There are two levels of users of ThingsBoard: companies and their customers. Both these users interact with the ThingsBoard UI. The company creates the end-user’s dashboard and provides the access to their customer. These end-users users can then interact with this dashboard to access the real-time data of their IoT devices.

ThingsBoard can be used in different industries such as smart metering, smart energy, smart farming and fleet tracking. Below is an example of a smart dashboard of smart metering. This dashboard consists of multiple graphs which clearly show real-time data of the different devices. This smart dashboard allows the user to zoom in and make use of the advanced tooltips.

**Figure:** An example of an overview created on ThingsBoard

System Context

The two user groups of ThingsBoard are, as previously mentioned, companies and their customers. The companies set up the servers, the databases, message processing rules, dashboard, dependencies, etc. The customers on the other hand mainly interact only with the Web UI. The number of customers interacting with the Web UI is arbitrary and dependant on the use case.

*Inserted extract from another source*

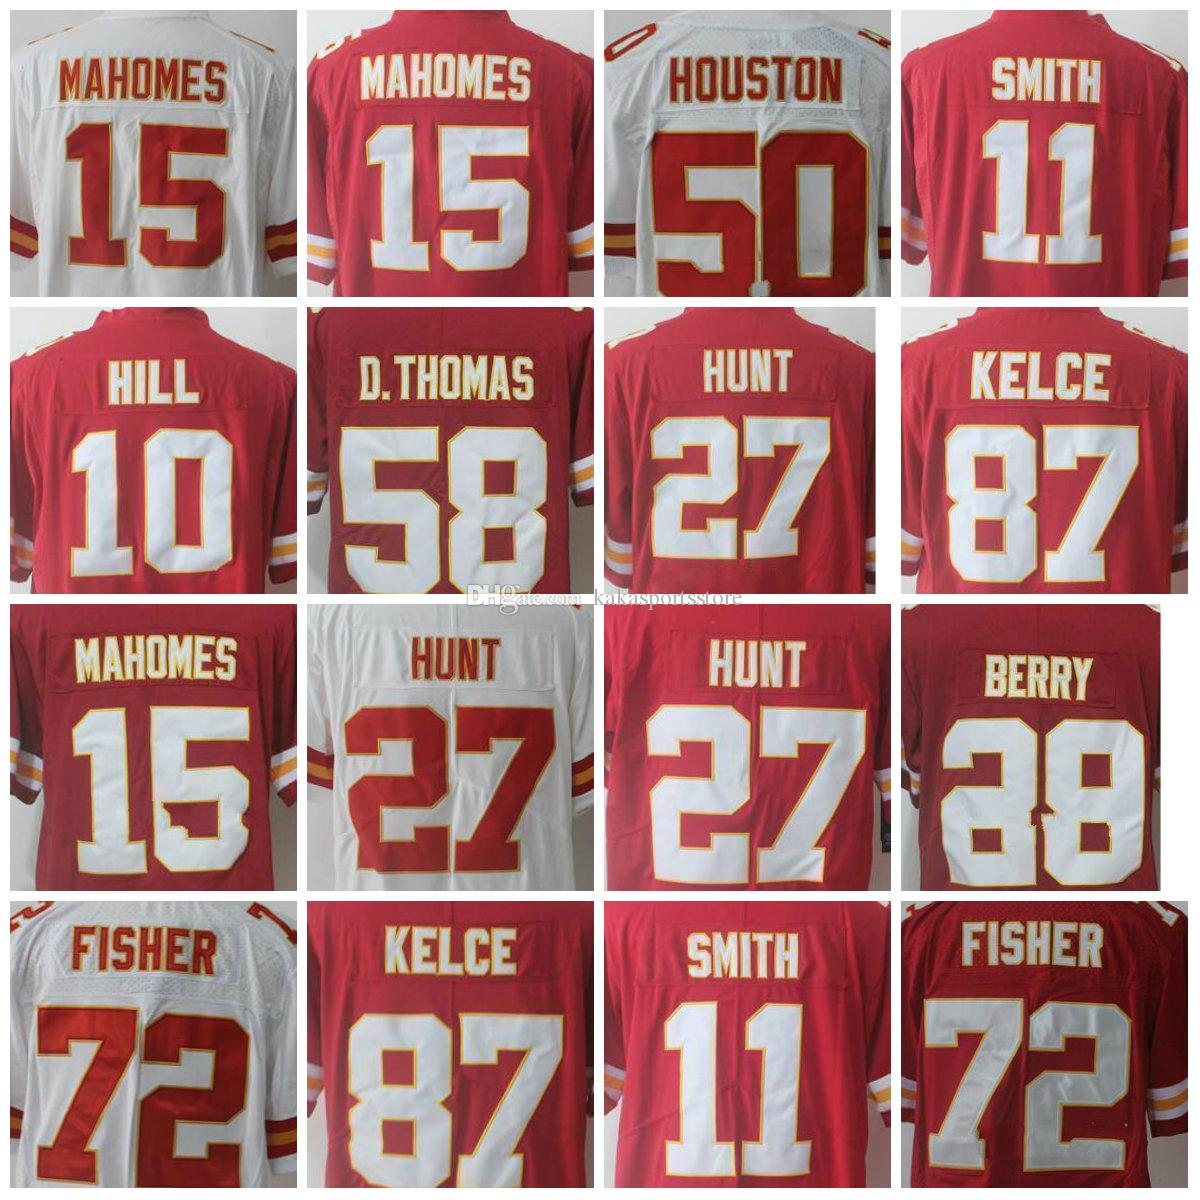 c9b72dab0f6 ... 10 Tyreek Hill 27 Kareem httpwww.sunshinesportskits.com NFL Kansas City  Chiefs Jerseys Pinterest Httpwww.jennisonbeautysupply.com 2017 MenS 50  Justin ...

The system context view of ThingsBoard is shown in the diagram below. (Diagram modified from : ThingsBoard.io) Connected devices can publish messages to ThingsBoard via various message transfer protocols. The various transfer protocols ensure the compatibility and interoperability of ThingsBoard with different IoT devices. More detailed analyses of these concepts are described in the following architecture vision essay⁴. Further, messages can then be processed by the ThingsBoard Rule Engine itself or be further transferred to external systems. One example for external systems would be a closed source system, that processes the messages in the cloud, after which it would transfer processed information back to ThingsBoard. The processed information can then be stored in either an internal or an external database. This information is then accessible to the end-users and can be interacted with through ThingsBoard’s Web UI or other third-party apps.

Stakeholders

We evaluate four groups of stakeholders according to their interest in and benefits of interacting with ThingsBoard: the companies, other end-users, their customers and domain experts including developers/testers.⁵

Business

Like any other company, ThingsBoard has to sustain itself as a business. Management, marketing and sales are responsible for this. In terms of the product, the most important contribution from the business-side is the definition of the scope of the project.⁵ In this scope, ThingsBoard offers an extensive amount of different subscriptions for different user types and needs. While there is a community edition, the marketing and sales departments are targeting big companies towards the paid subscriptions. Their stake is thus that the system is optimized to handle these larger companies.

End-users

In general, there can be various types of end-users and their stake in a system is simply that it does what they expect it to. Since ThingsBoard has defined some specific use cases for their system (i.e. smart metering, smart energy, smart farming and fleet tracking ⁶), their targeted end-users are both companies within these industries and their customers, as well as private enthusiasts on the community edition. These users expect the system to be stable, trustworthy and intuitive. ThingsBoard is not likely to interact directly with the end-users, but rather with the companies as middle-men, so they should be extra careful to keep the end-users' expectations explicitly in mind.

Customers

ThingsBoard’s customers are companies that provide complete and customized IoT solutions in specific sectors⁷. These companies build upon the ThingsBoard backend and customize or further extend ThingsBoard’s features. Some require more customization, some less, so it is expected that ThingsBoard provides modular, stable features from the bottom to the top, including data storage, APIs, and frontend/dashboard features.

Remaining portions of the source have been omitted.